------ SUPPLIED INFORMATION

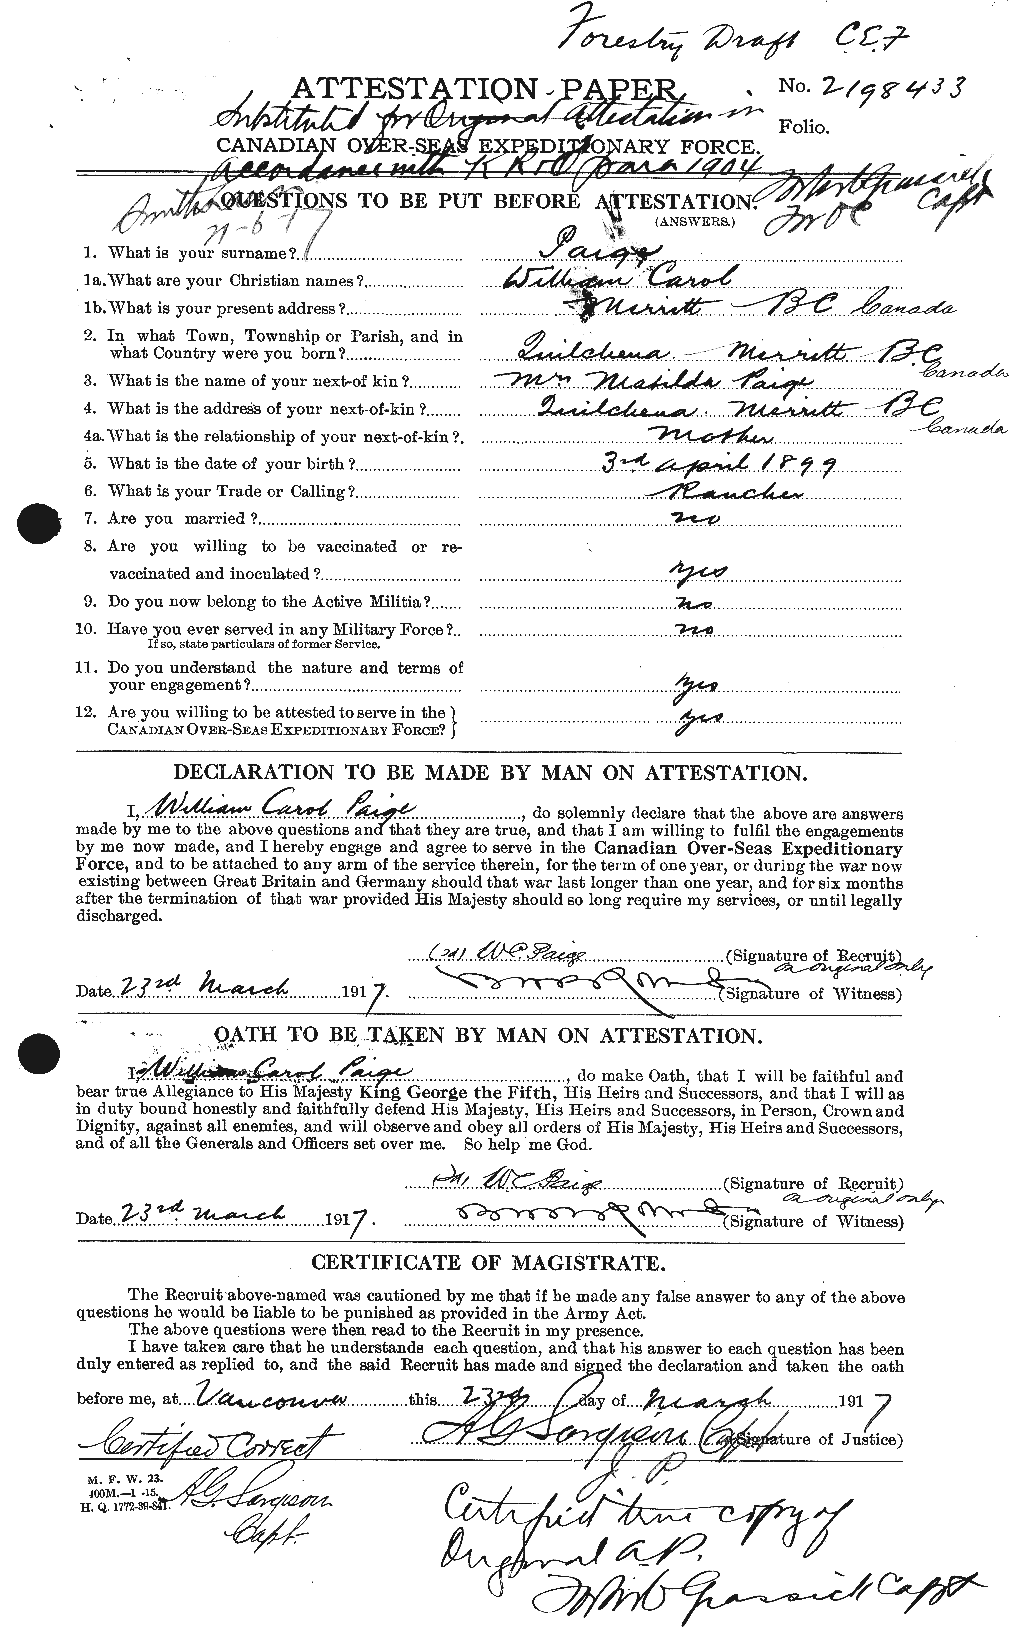 Personnel Records of the First World War - CEF 562436a
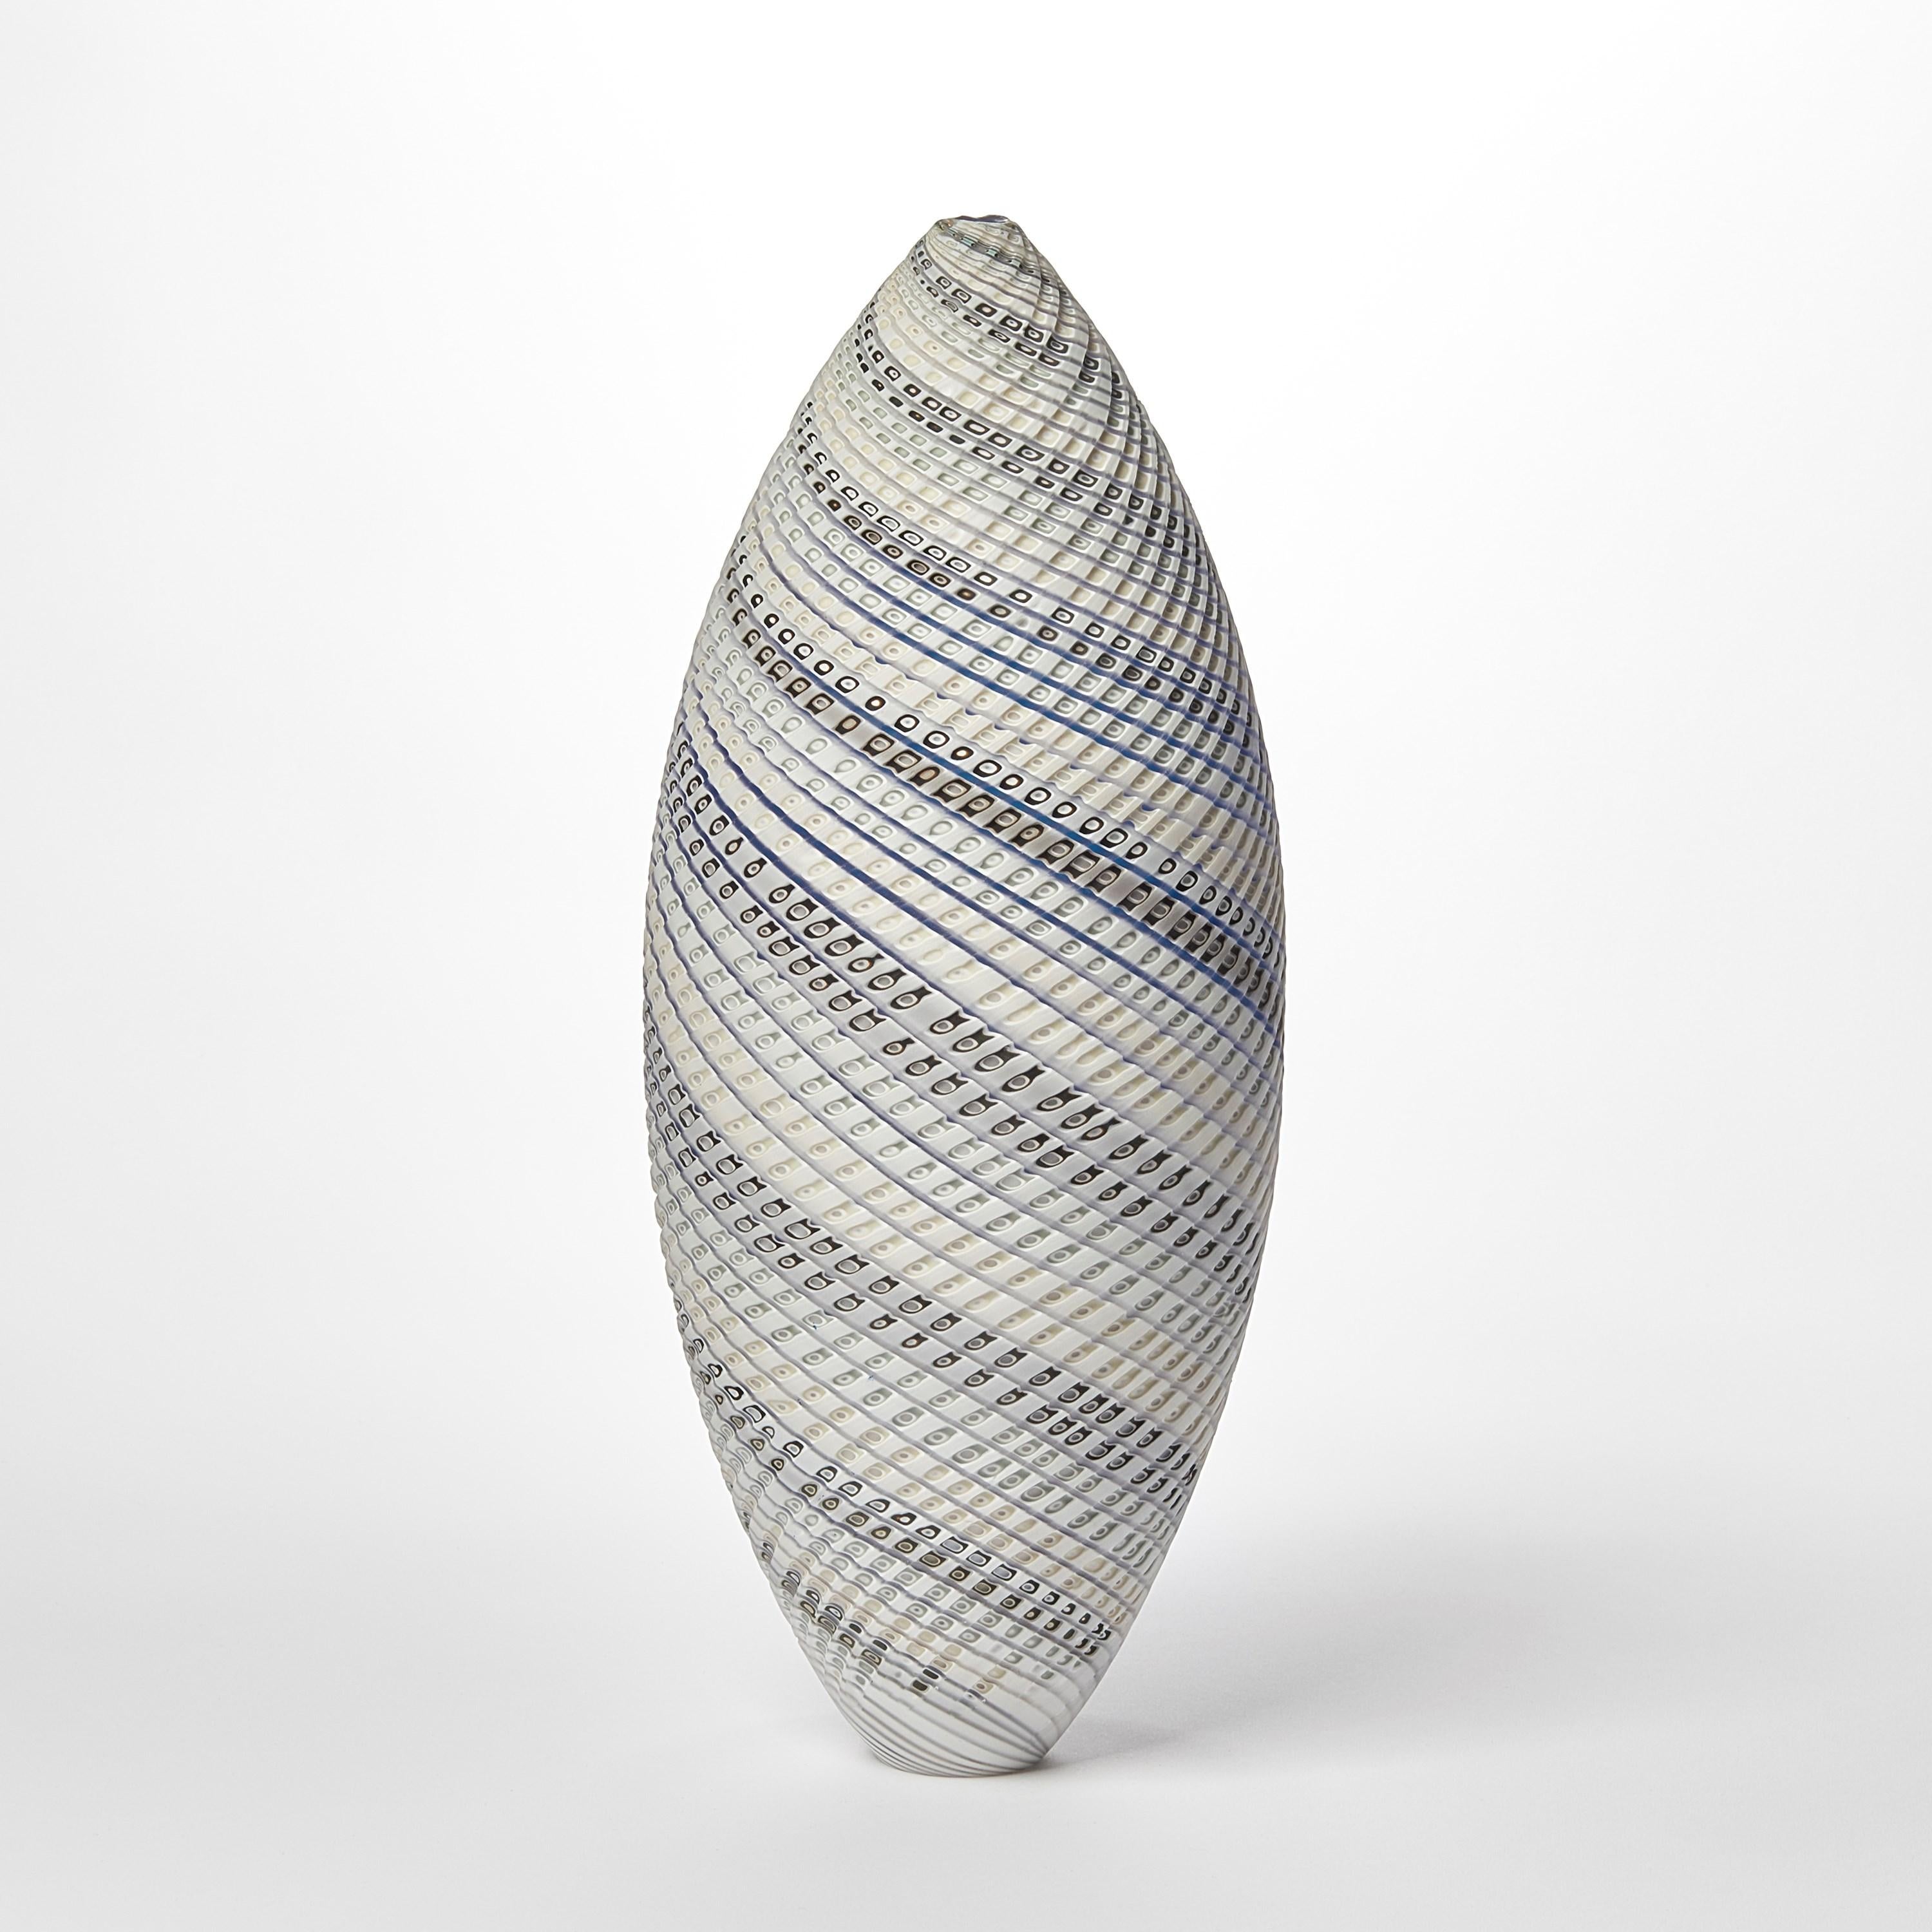 'Woven Three Tone Blue Ovoid (lg)' is a unique handblown, sculpted and cut glass sculpture by the British artist, Layne Rowe.

Rowe’s inspiration is drawn from the dramatic Devon coastline which informs his love for detail, a constant theme for his

------------

= EXERCISE BRIEF =
Take the line containing "artist, Layne Rowe." as the first line and the last line of the data above as the final one, and output exactly the lines between them, inclusive, with no pictures.

= RESULT FOR THIS TASK =
 'Woven Three Tone Blue Ovoid (lg)' is a unique handblown, sculpted and cut glass sculpture by the British artist, Layne Rowe.

Rowe’s inspiration is drawn from the dramatic Devon coastline which informs his love for detail, a constant theme for his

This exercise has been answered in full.